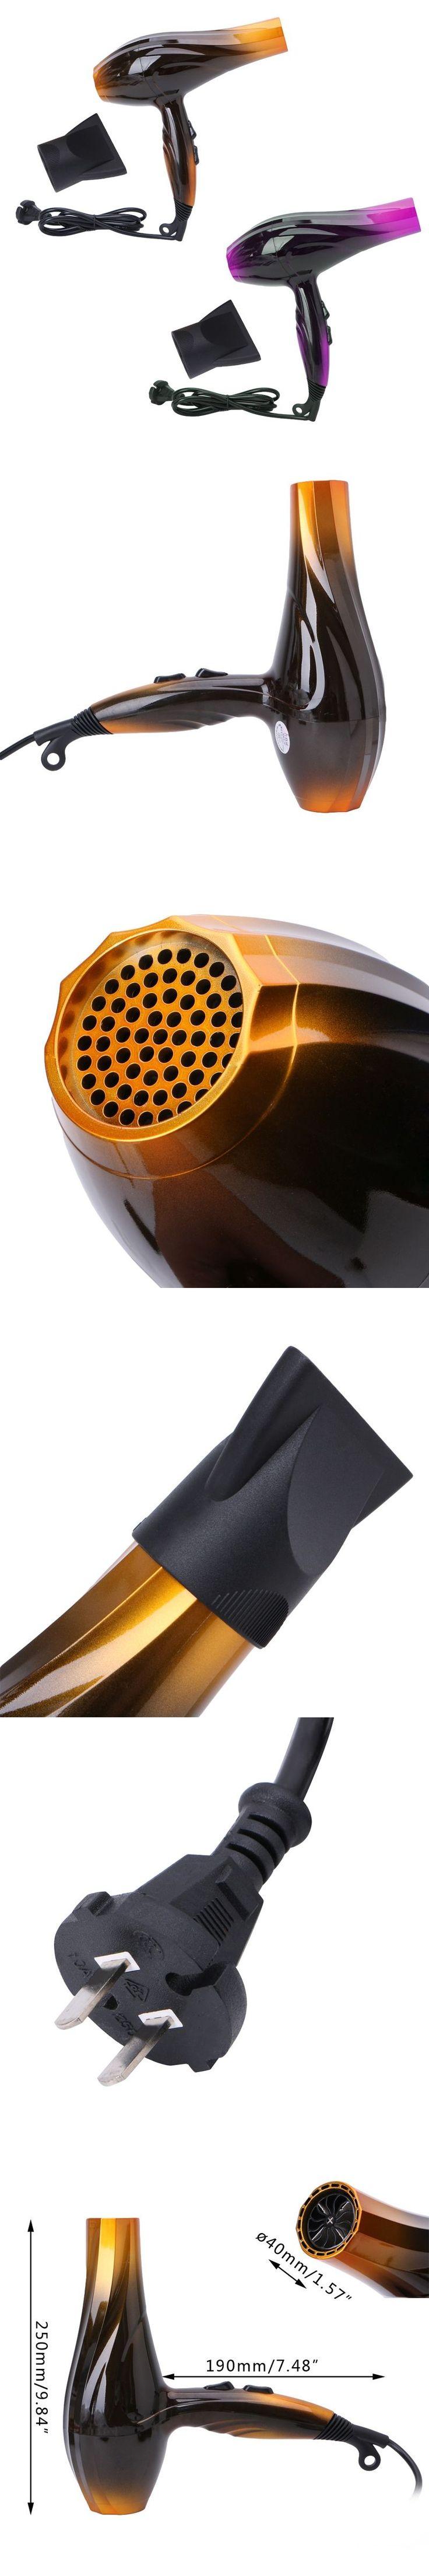 Die besten 25+ Dryer plug Ideen auf Pinterest | selbstgemachter ...
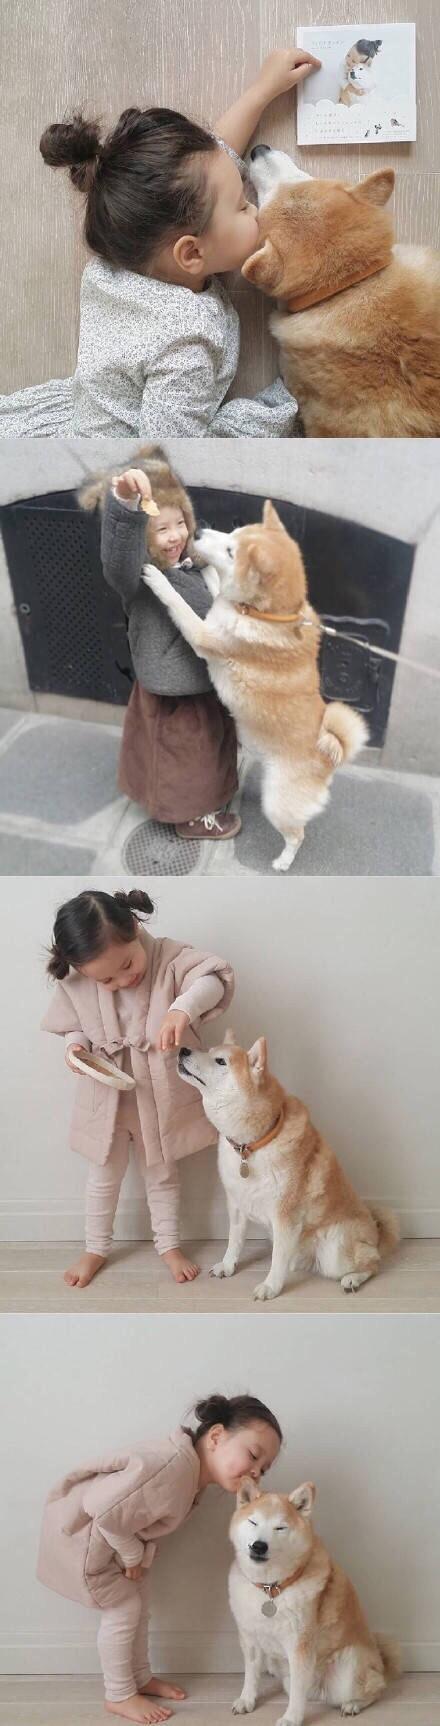 生个女儿再养只狗狗!真美好。。。
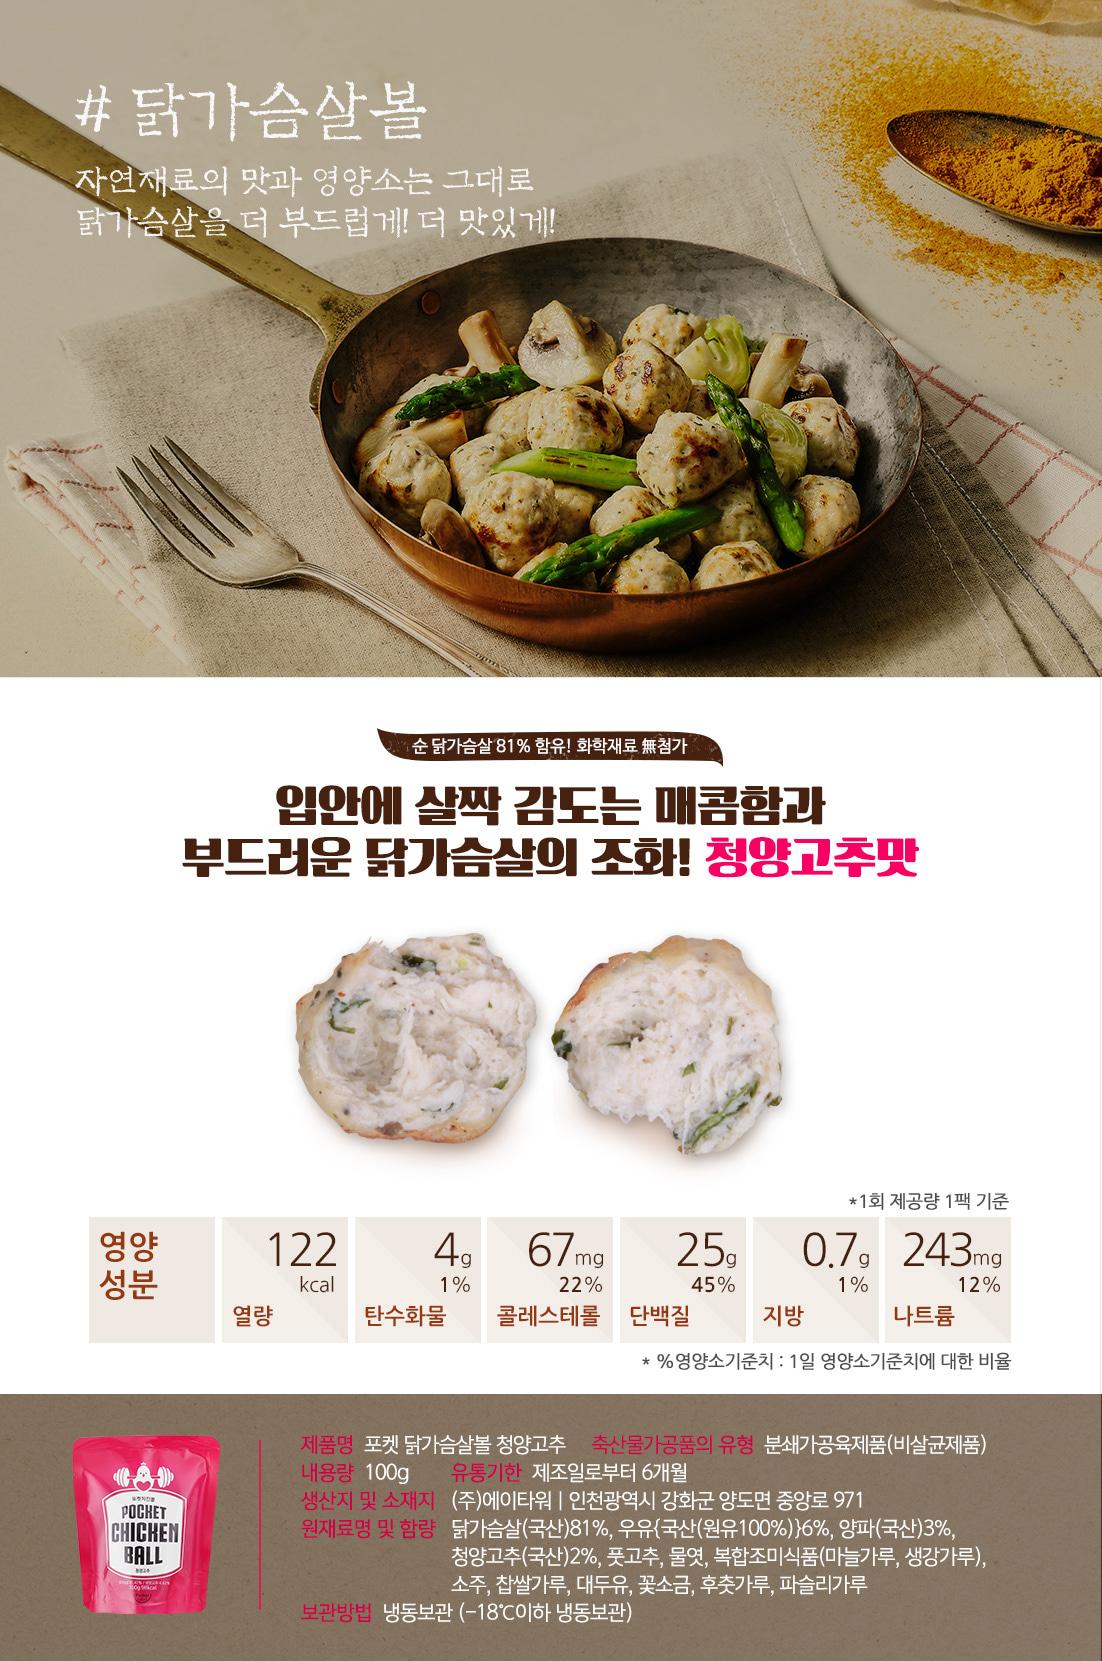 닭가슴살볼_청양고추맛_상세 영양성분
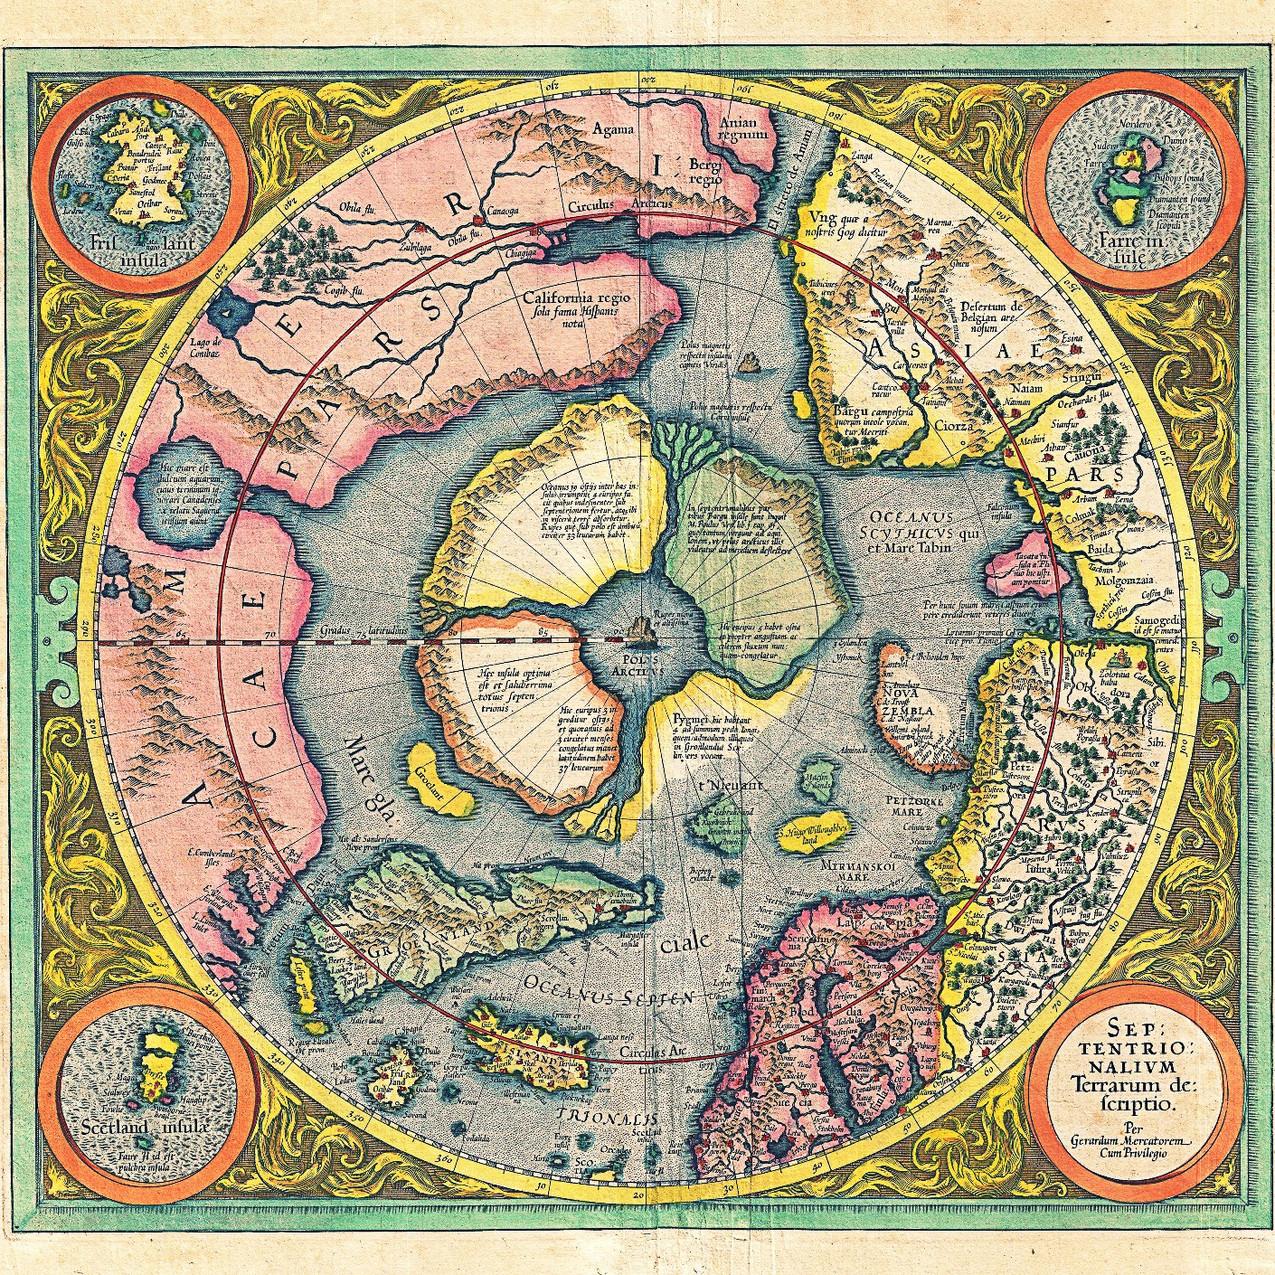 2!1606_Mercator_Hondius_Map_of_the_Arctic_(First_Map_of_the_North_Pole)_-_1628 Septentrionalium Terrarum Descriptio Per Gerardum Mercatorem Cum Privilegio_edited

ACTIVITY:
Transcribe all of the data above verbatim but omit every picture.

RESULT BELOW:
 Die besten 25+ Dryer plug Ideen auf Pinterest | selbstgemachter ...
 生个女儿再养只狗狗!真美好。。。
 닭가슴살볼_청양고추맛_상세 영양성분
 2!1606_Mercator_Hondius_Map_of_the_Arctic_(First_Map_of_the_North_Pole)_-_1628 Septentrionalium Terrarum Descriptio Per Gerardum Mercatorem Cum Privilegio_edited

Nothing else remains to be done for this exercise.